Scientific classification
- Kingdom: Animalia
- Phylum: Chordata
- Class: Aves
- Order: Coraciiformes
- Family: Meropidae
- Genus: Merops
- Species: M. ornatus
- Binomial name: Merops ornatus Latham, 1801

= Rainbow bee-eater =

- Genus: Merops
- Species: ornatus
- Authority: Latham, 1801
- Conservation status: LC

Species of bird

The rainbow bee-eater (Merops ornatus) is a bird species in the bee-eater family Meropidae.

==Taxonomy==
The rainbow bee-eater is the only species of bee-eater found in Australia and is monotypic, meaning it has no accepted subspecies. Its closest relative is most likely the olive bee-eater (Merops superciliosus) of southern and eastern Africa, but molecular phylogenetic analysis places the rainbow bee-eater as closest relative with the European bee-eater (M. apiaster). It was first described by John Latham in 1801.
The generic name is Ancient Greek merops which means 'bee-eater' and the specific epithet is Latin ornatus 'ornate, adorned'.

==Description==
Rainbow bee-eaters are brilliantly coloured birds that grow to be 23–28 cm in length, including the elongated tail feathers, and weighing 20-33 g. The upper back and wings are green, and the lower back and under-tail coverts are bright blue.
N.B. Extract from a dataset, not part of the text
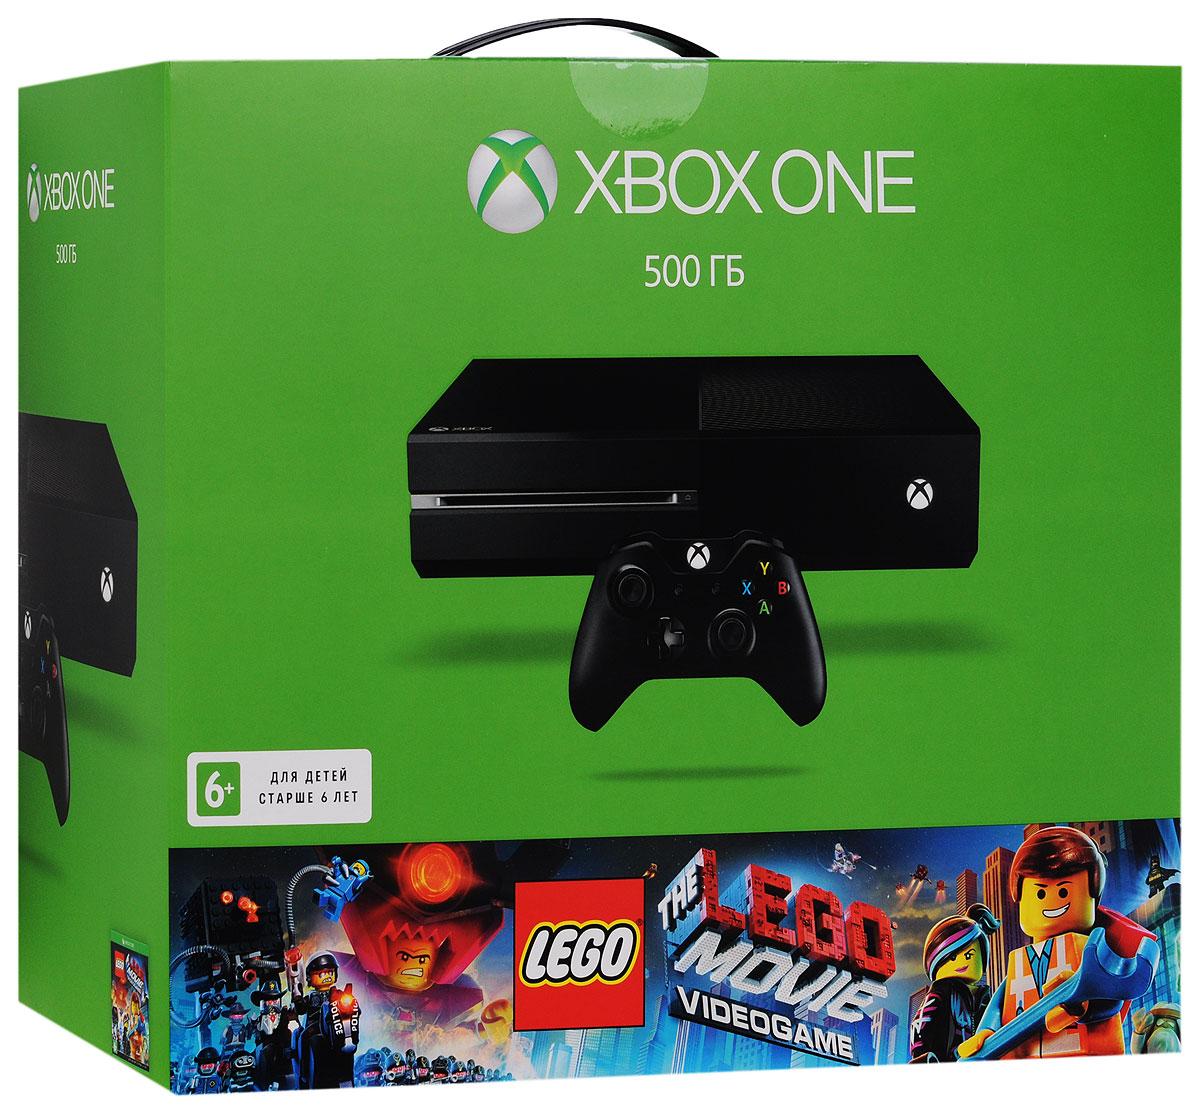 Игровая приставка Xbox One 500 ГБ + The LEGO Movie Videogame
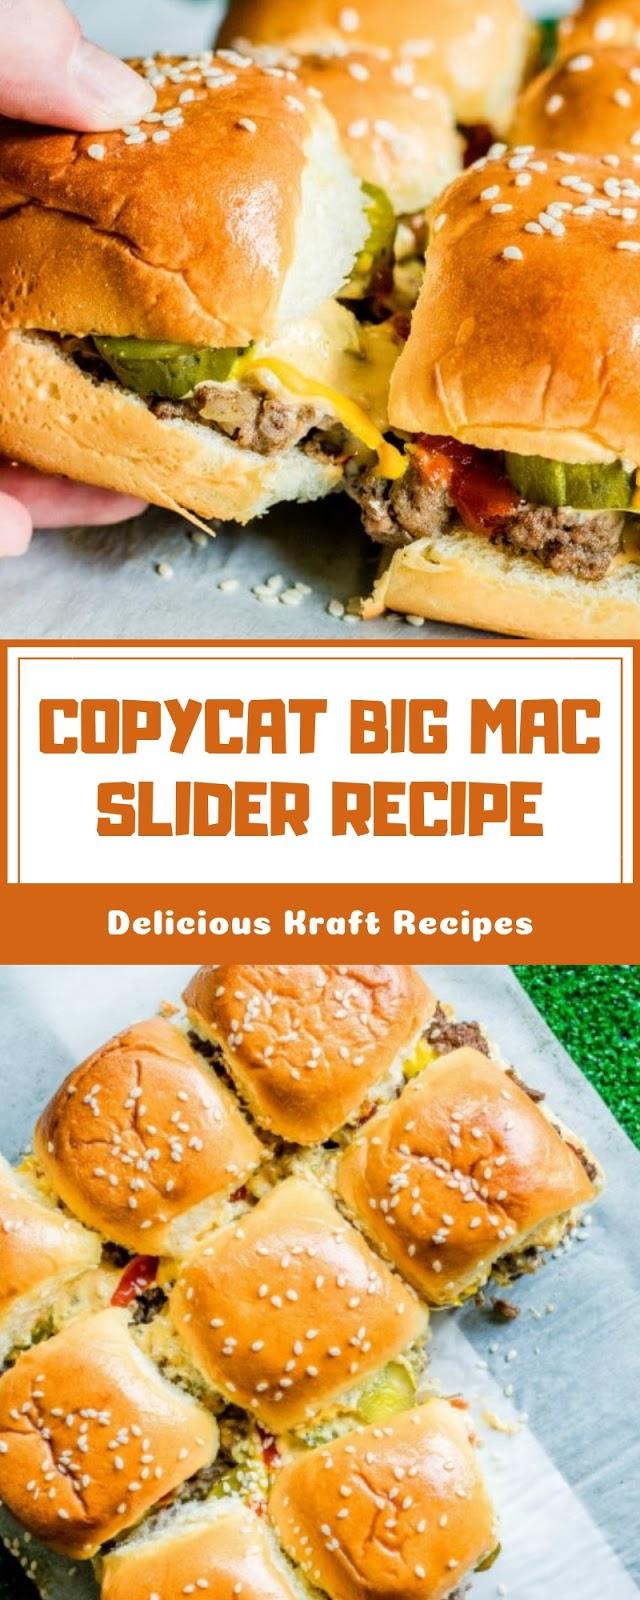 COPYCAT BIG MAC SLIDER RECIPE

The undersides of the wings and primary flight feathers are rufous to copper with green edges and tipped with black, and the tail is black to deep violet. The rainbow bee-eater's two central tail feathers are longer than the other tail feathers, and are longer in the male rainbow bee-eaters than in the females. The crown of the head, the stomach and breast, and the throat are pale yellow-orange, and it has a black crescent-shaped gorget and a black stripe, edged with blue, extending through its bright red eye. They have small, syndactylous feet (i.e., with toes partly united). The juvenile has overall duller plumage, a greener crown, and lacks throat bands and tail streamers.

==Distribution and habitat==
Rainbow bee-eaters are a common species and can be found during the summer in forested areas in most of southern Australia, excluding Tasmania. They migrate north during the winter into northern Australia, New Guinea, and some of the southern islands of Indonesia. Vagrants have been recorded on Miyako Island, Japan, and Luidao (Green Island) off south-east Taiwan.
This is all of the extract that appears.